▶ Work to be completed
Without the pictures, write the listing out again exactly as it appears.

Dataset content section start

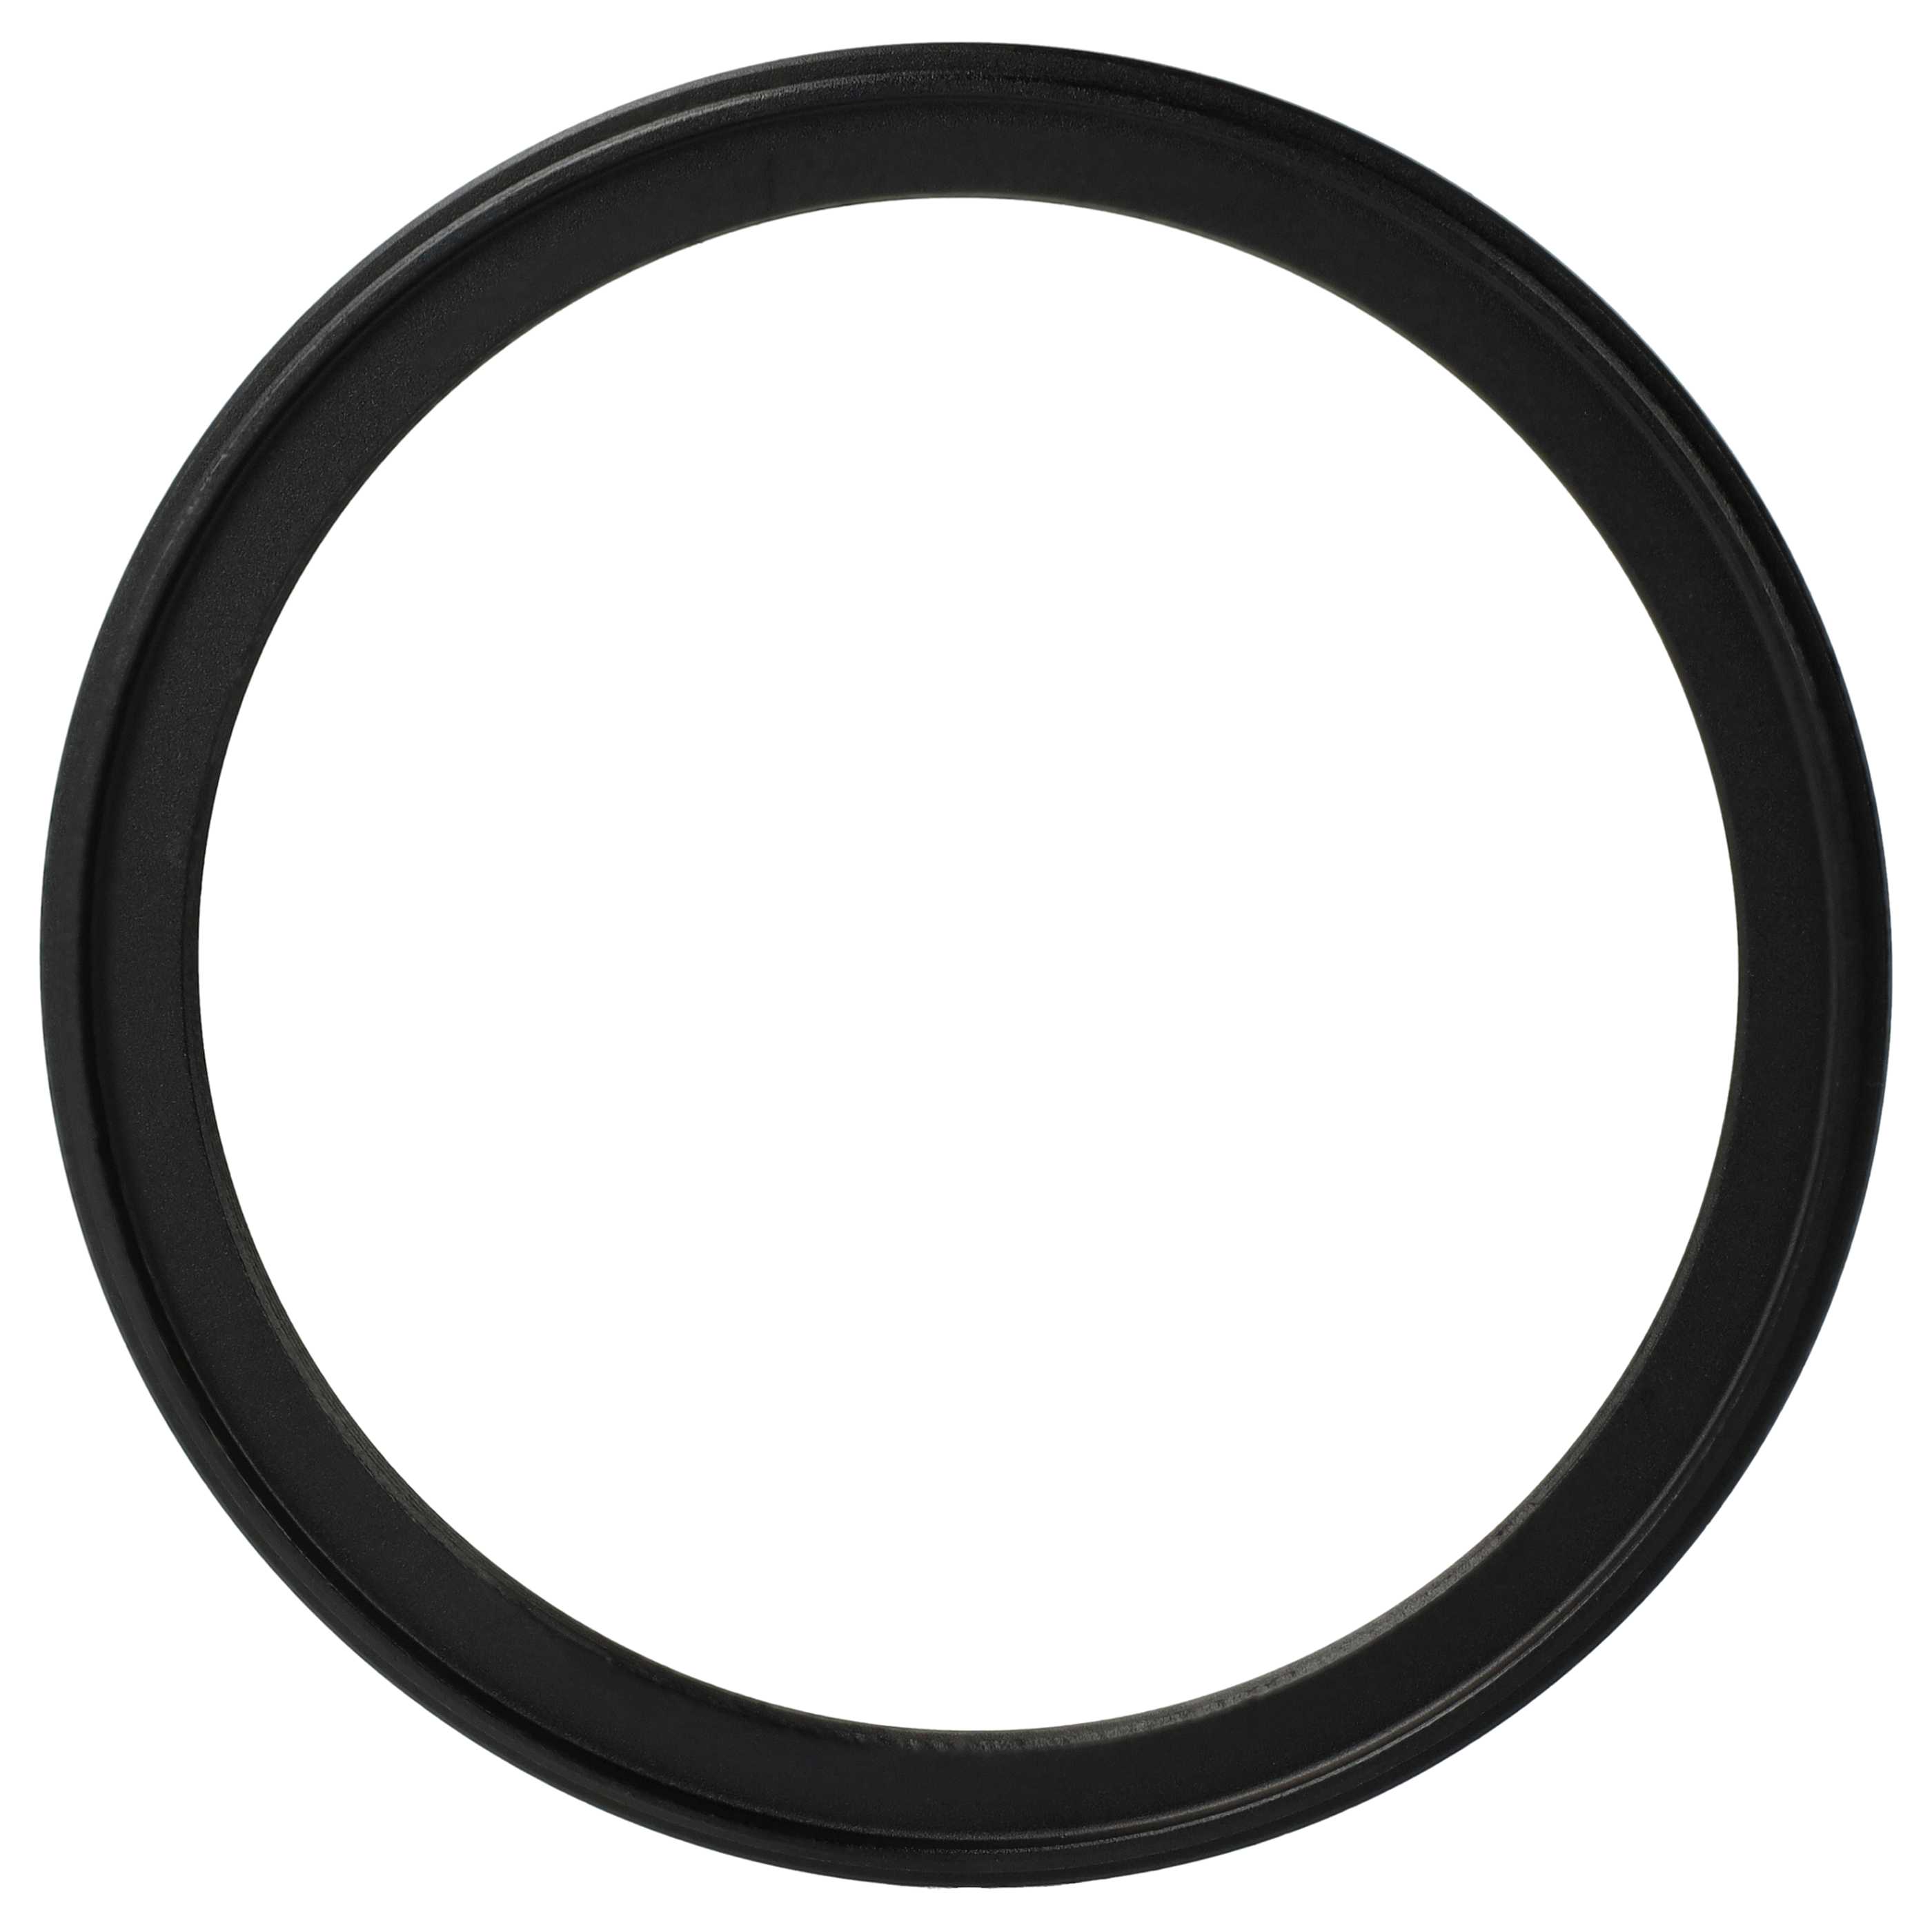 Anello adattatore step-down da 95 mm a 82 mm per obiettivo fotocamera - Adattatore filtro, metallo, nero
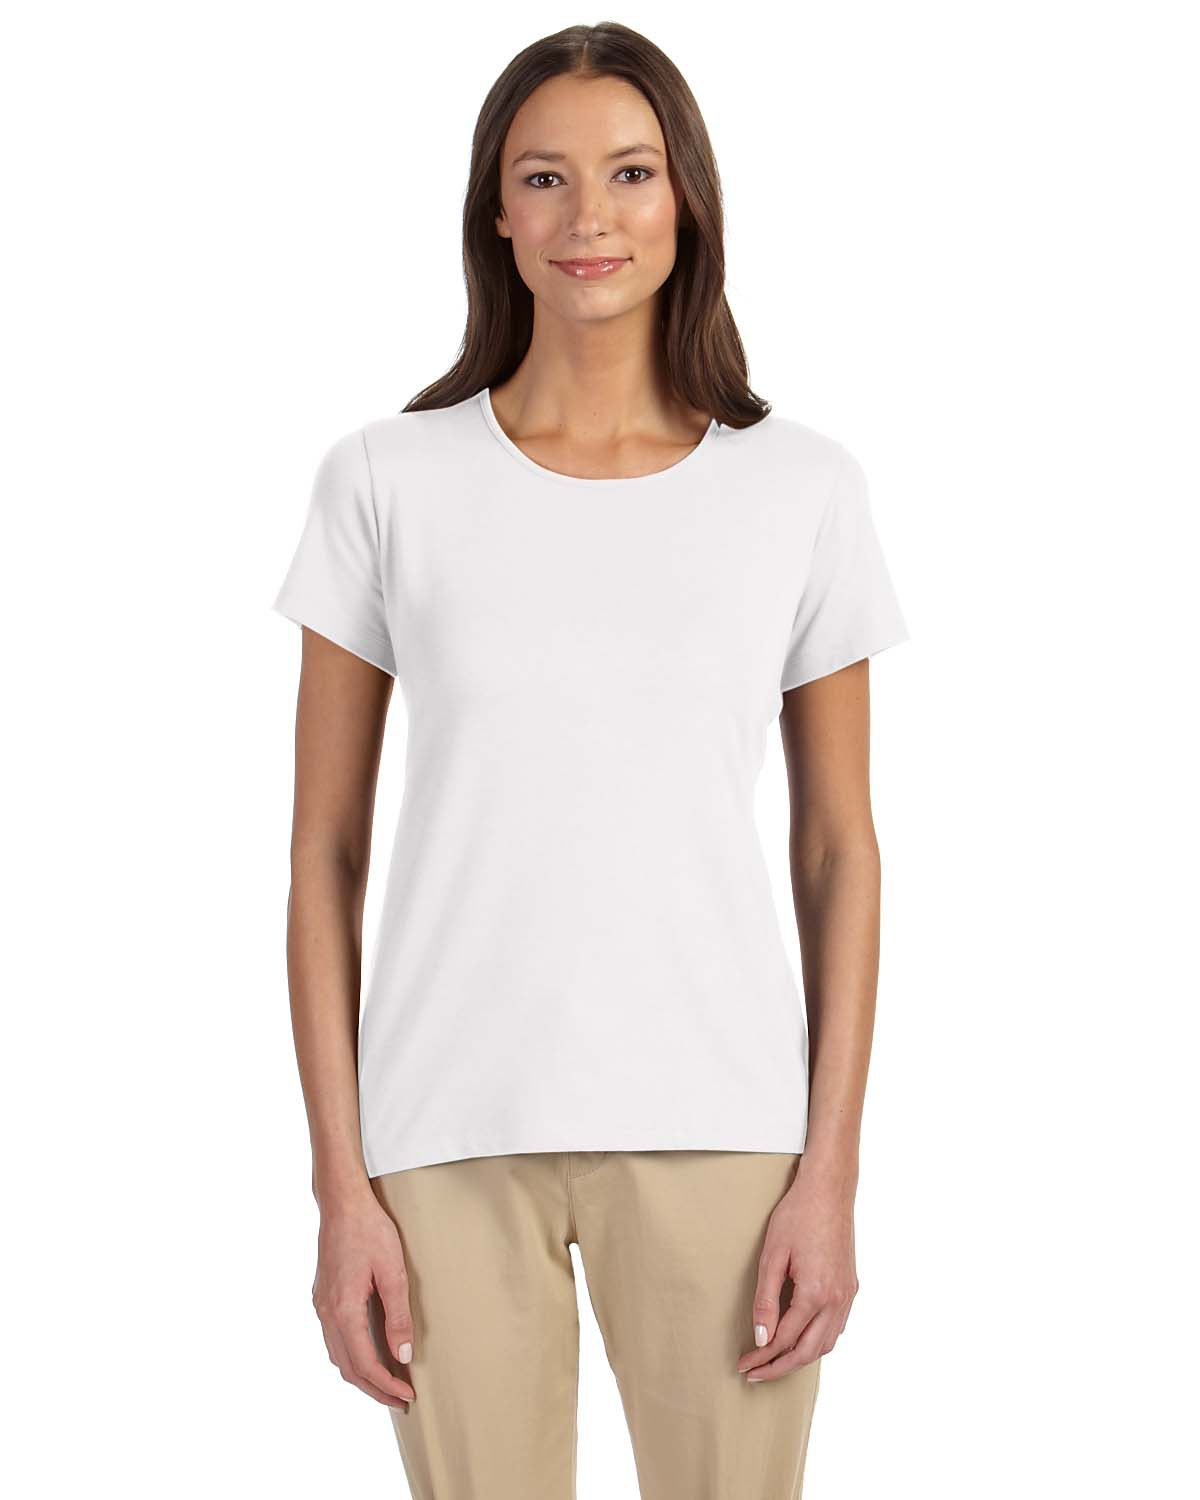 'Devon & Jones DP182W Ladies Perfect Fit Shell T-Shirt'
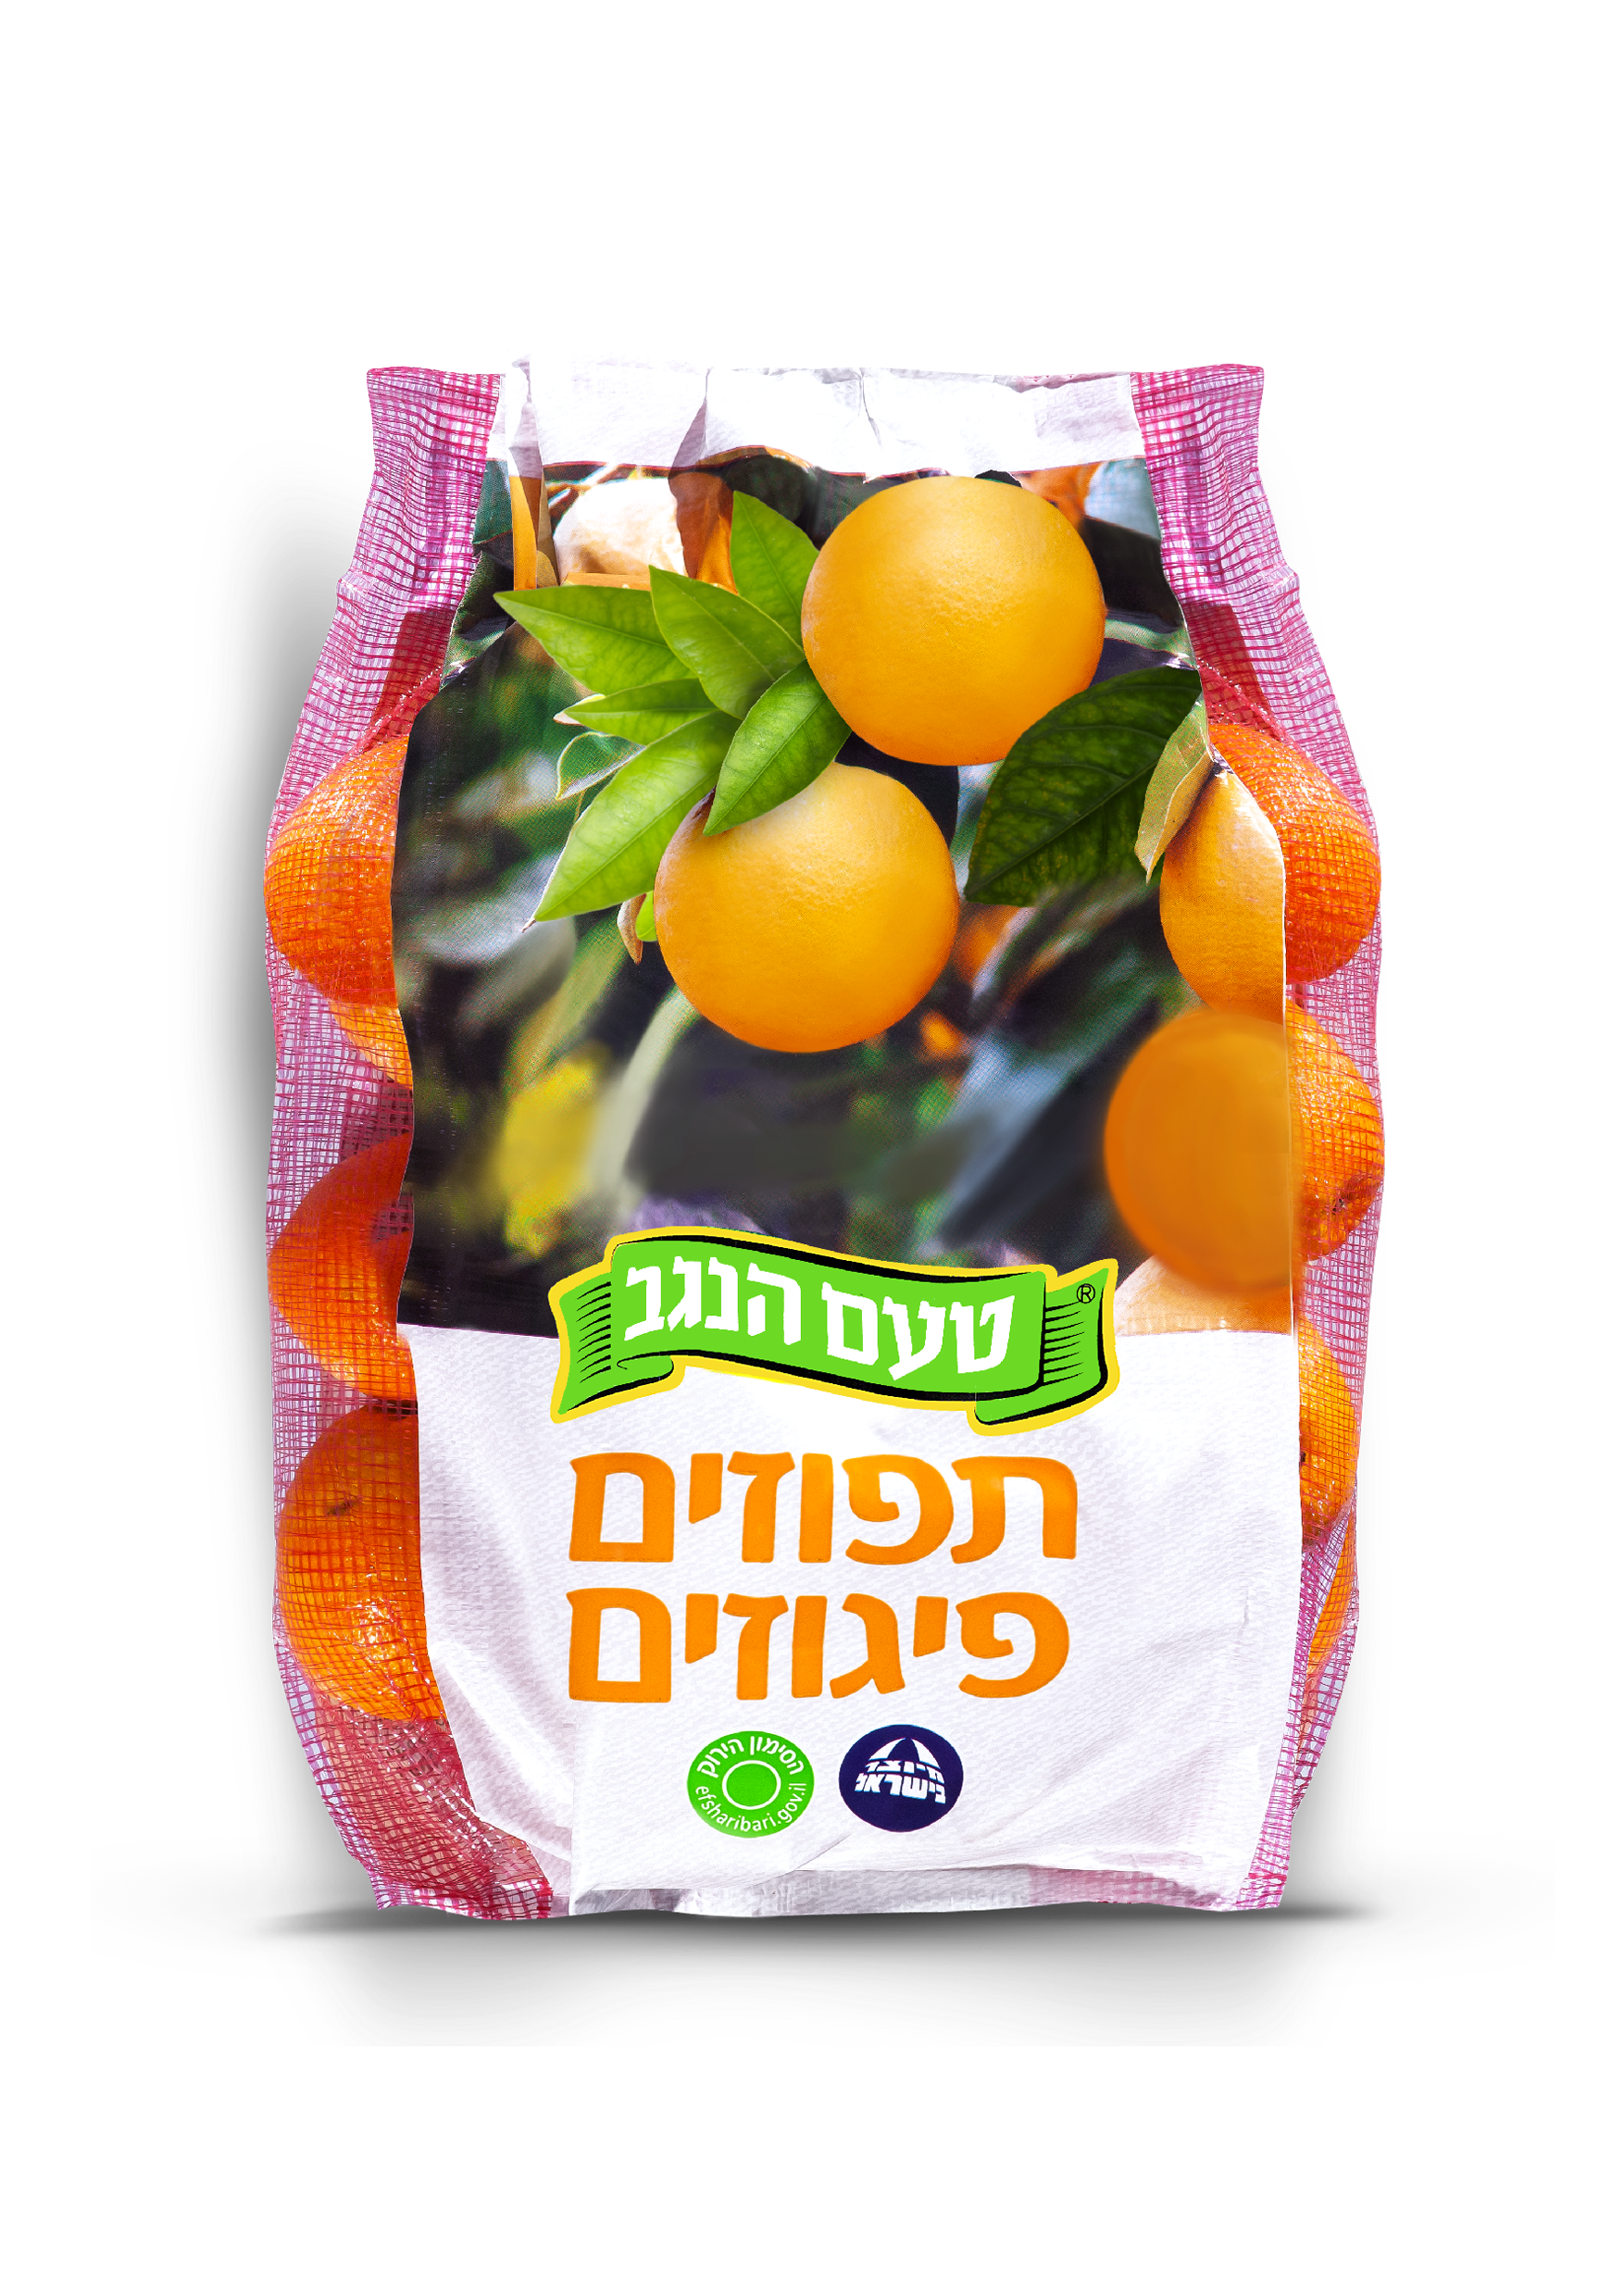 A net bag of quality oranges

Dataset content section end

▶ Solution to this task
 Anello adattatore step-down da 95 mm a 82 mm per obiettivo fotocamera - Adattatore filtro, metallo, nero
 'Devon & Jones DP182W Ladies Perfect Fit Shell T-Shirt'
 A net bag of quality oranges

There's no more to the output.